Why are my colleagues’ heads so far up their butts?! I’m really tired of being left out. :(
I knew I had Celiac for a long time before I stopped eating wheat gluten on dates, at work, and among some acquaintances because I wanted to be liked and invited to events that could involve food. The abdominal paid would be so bad afterwards.
I couldn’t help but think this must be what it’s like to live as a closet gay person, afraid of rejection if I revealed that I was different.
After I began to tell people and openly avoid wheat, I became the oddball with the issue no one could remember. I would be invited to join friends for a hamburger. When I mentioned that I would have to eat mine without a bun, I would be told, “Oh that’s right, well what about pizza instead?”
That kind of thing has happened again and again.
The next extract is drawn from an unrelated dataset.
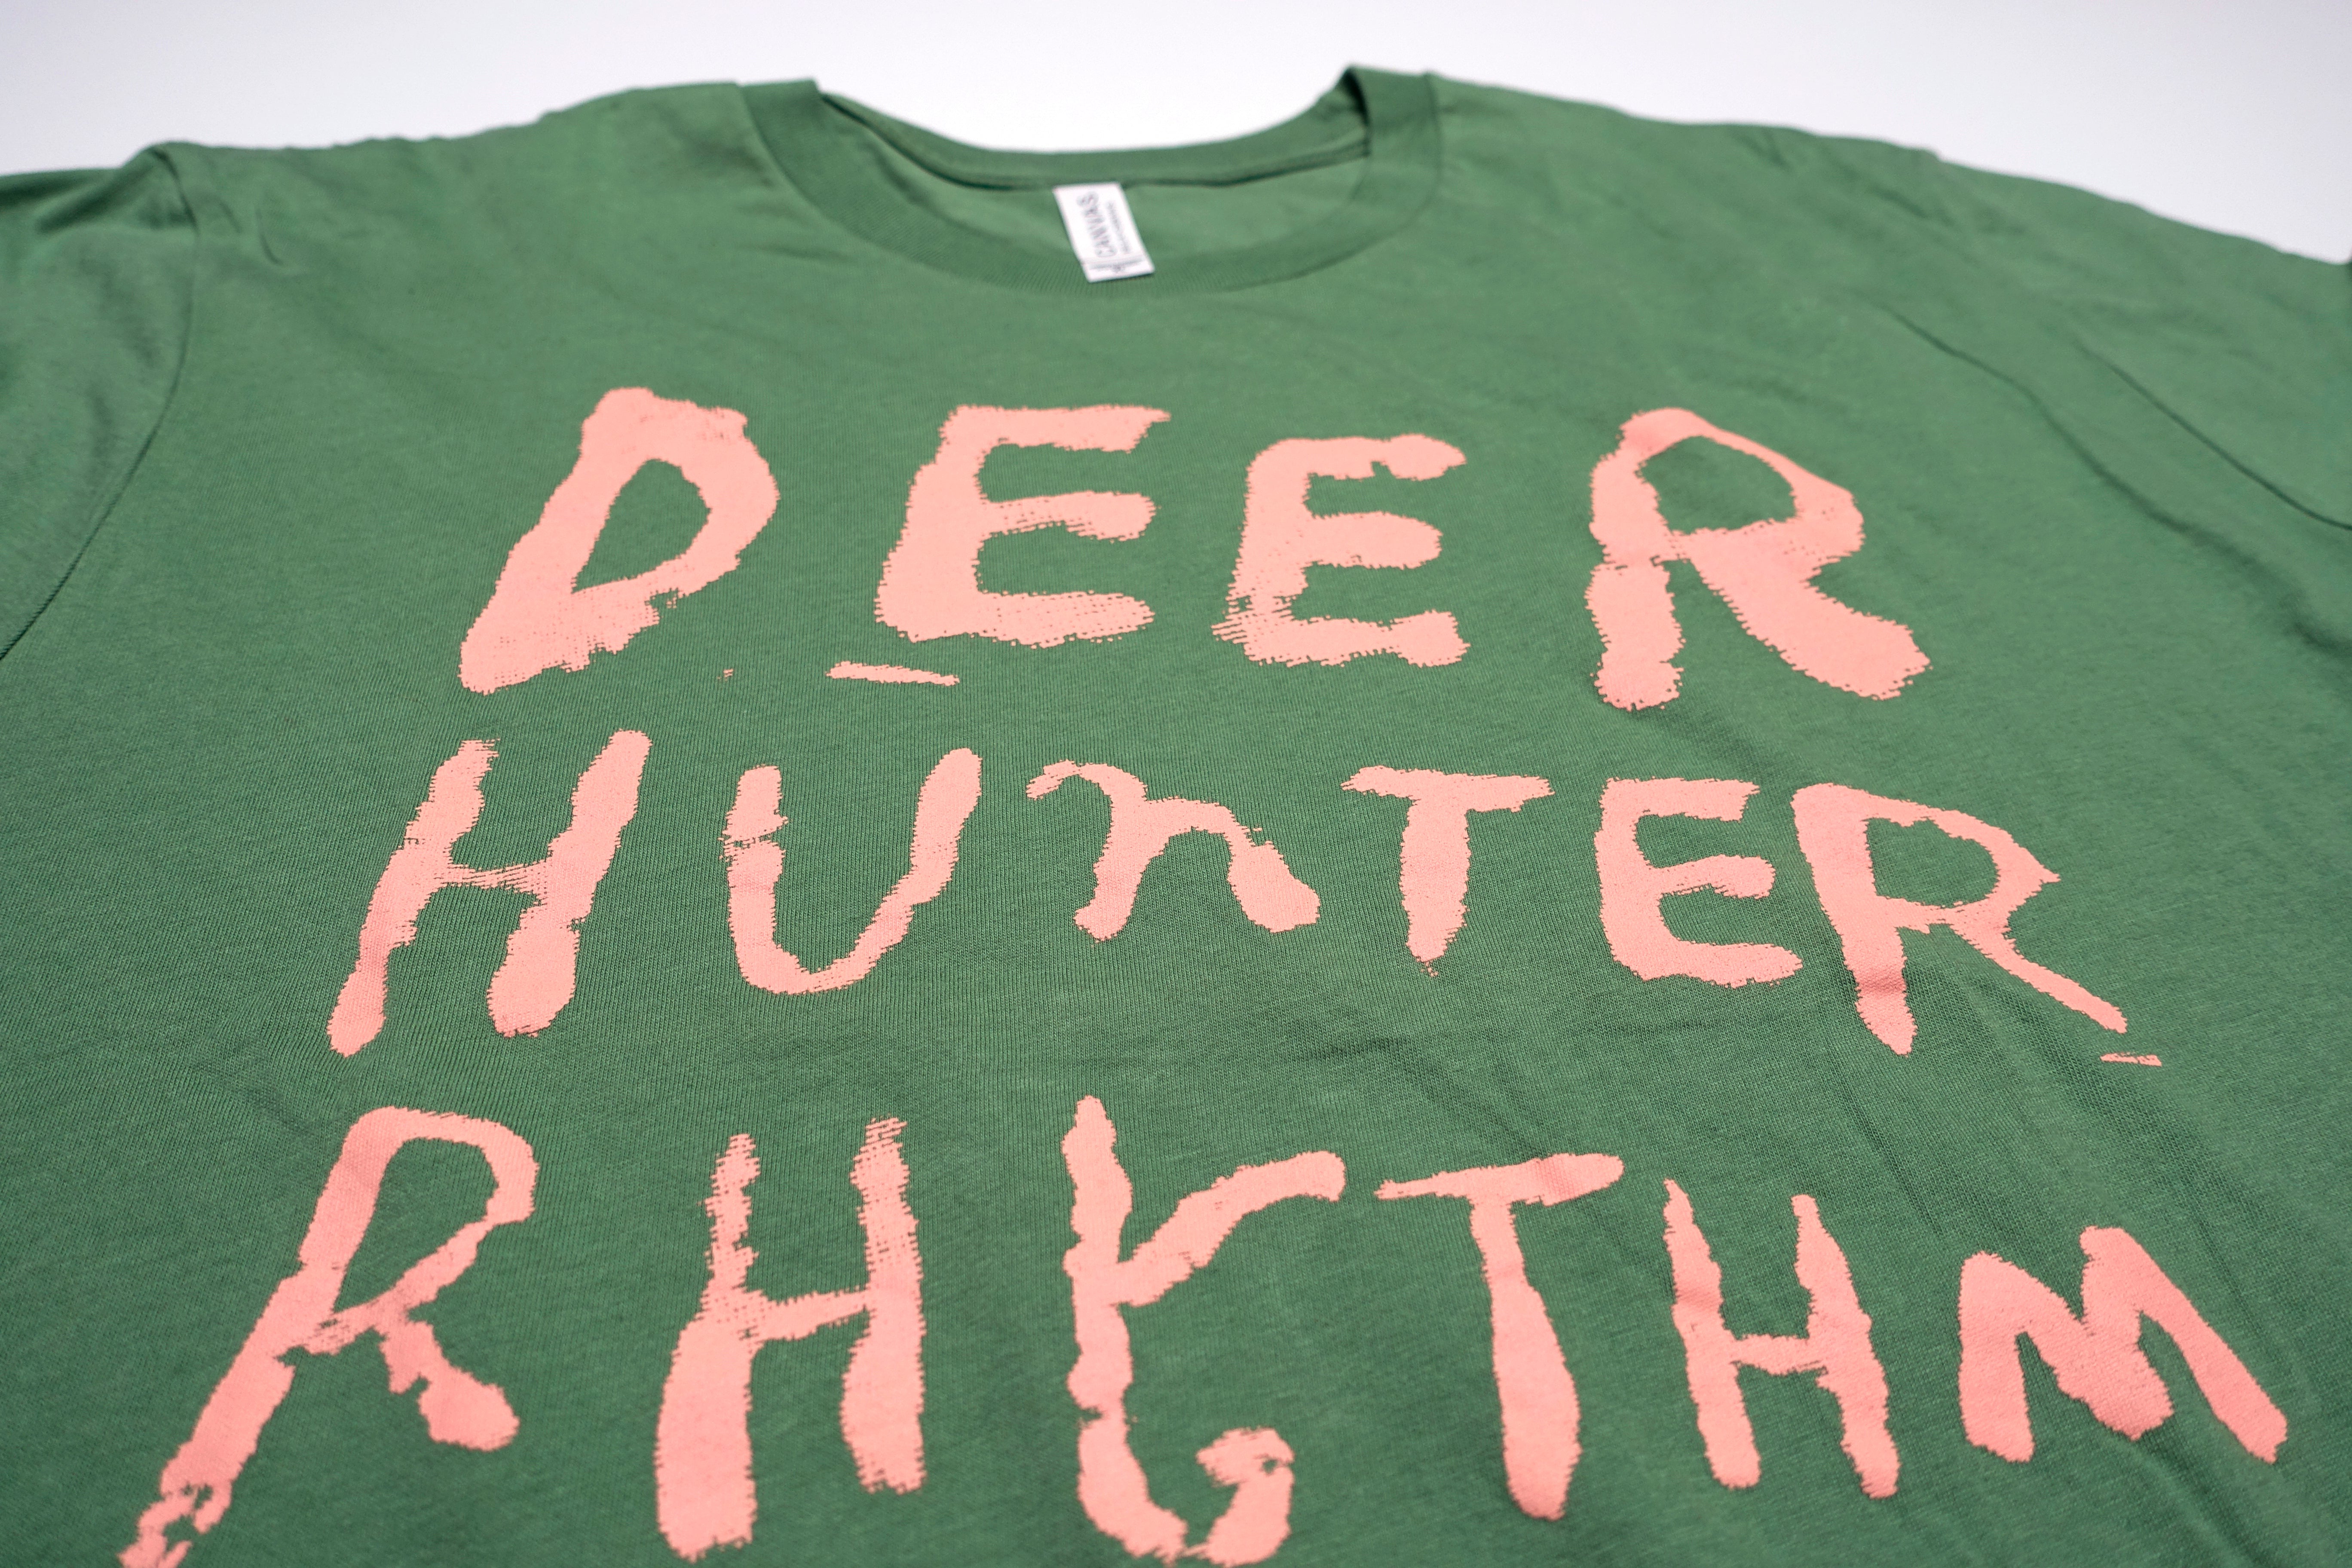 Deerhunter - Rhythm Group Of God Tour Shirt Size XL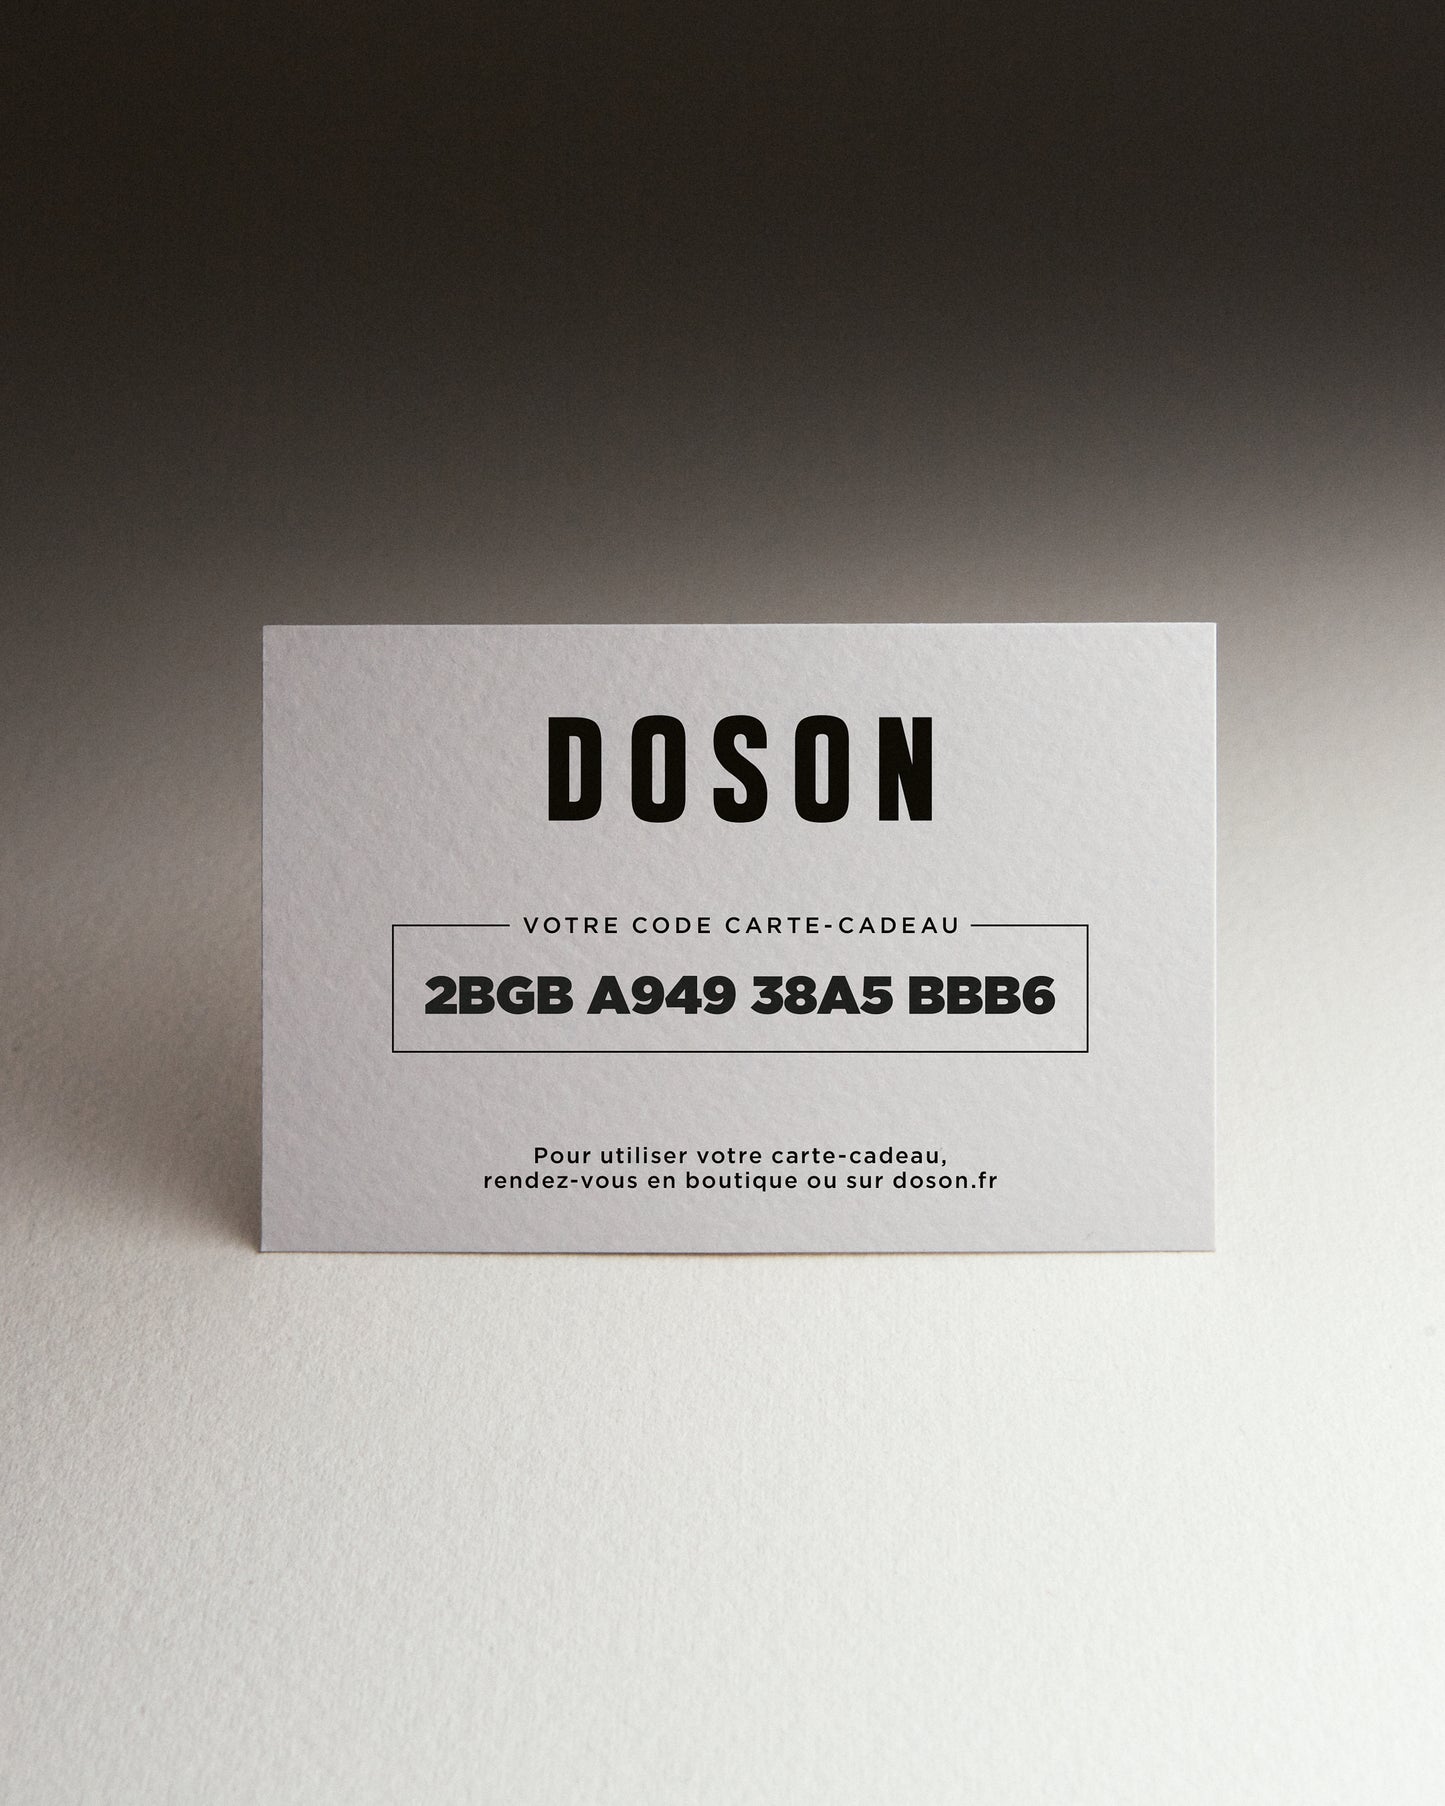 Doson gift card

Once people started to understand, I was told “I thought about inviting you, but there probably wouldn’t have been anything you could eat.” Or I would be told, “We were just getting together for birthday cake, and I know you can’t eat wheat.”
I went back to the doctor last week begging them to run the celiac test. I got the blood work done then and an abdominal sonogram today. I am praying that this is the answer. But even then, what does the diagnosis do? I noticed if I said to wait staff that I was on a gluten free diet, some would just roll their eyes. So I started to lie and tell people I was celiac just so that people will understand. This weekend, we went out to dinner at a steak restaurant and told the wait staff several times I was allergic to gluten and the rest of things I can’t have. My salad came out with croutons on it. I was nice and asked her for a new one and not just to take the croutons off. Then my steak came out with bread onion strips on it. I said the same thing. It is so frustrating!!! I just want to cry sometimes. I hate eating out because I can’t trust other people. Went to a Subway in a gas station one afternoon to splurge on a gluten free bread sandwich… the lady handled bread of the guy before me in line and then mine. I tried to talk to her about it and cross-contamination. She sat there and argued with me. I just walked out hungry.
I’m so tired of being hungry!!!
I’m currently in college, and my class sizes are very small (this particular class has 11 people). Everybody knows what’s going on in everybody else’s life, and Celiac has been a topic of great discussion since the professor announced a potluck to celebrate the end of semester.
I brought myself some K-Toots Cookies… the good vanilla oreo ones. Delicious but holy crap, how does a company justify charging that much for a tiny package of cookies?
Anyway, the group had cookies and cakes and nanaimo bars and 3 types of pizza, and all sorts of delicious, gluten-filled snacks. I had my cookies. I was fine with my cookies. I went to the bathroom and someone who knew full well that I can’t eat anything cross contaminated, put a huge double chocolate muffin on my plate. On top of my cookies. She tried to play it off as a mistake, but everyone knew she did it intentionally – she and I have never gotten along and she knew full well that I would be unable to eat that food.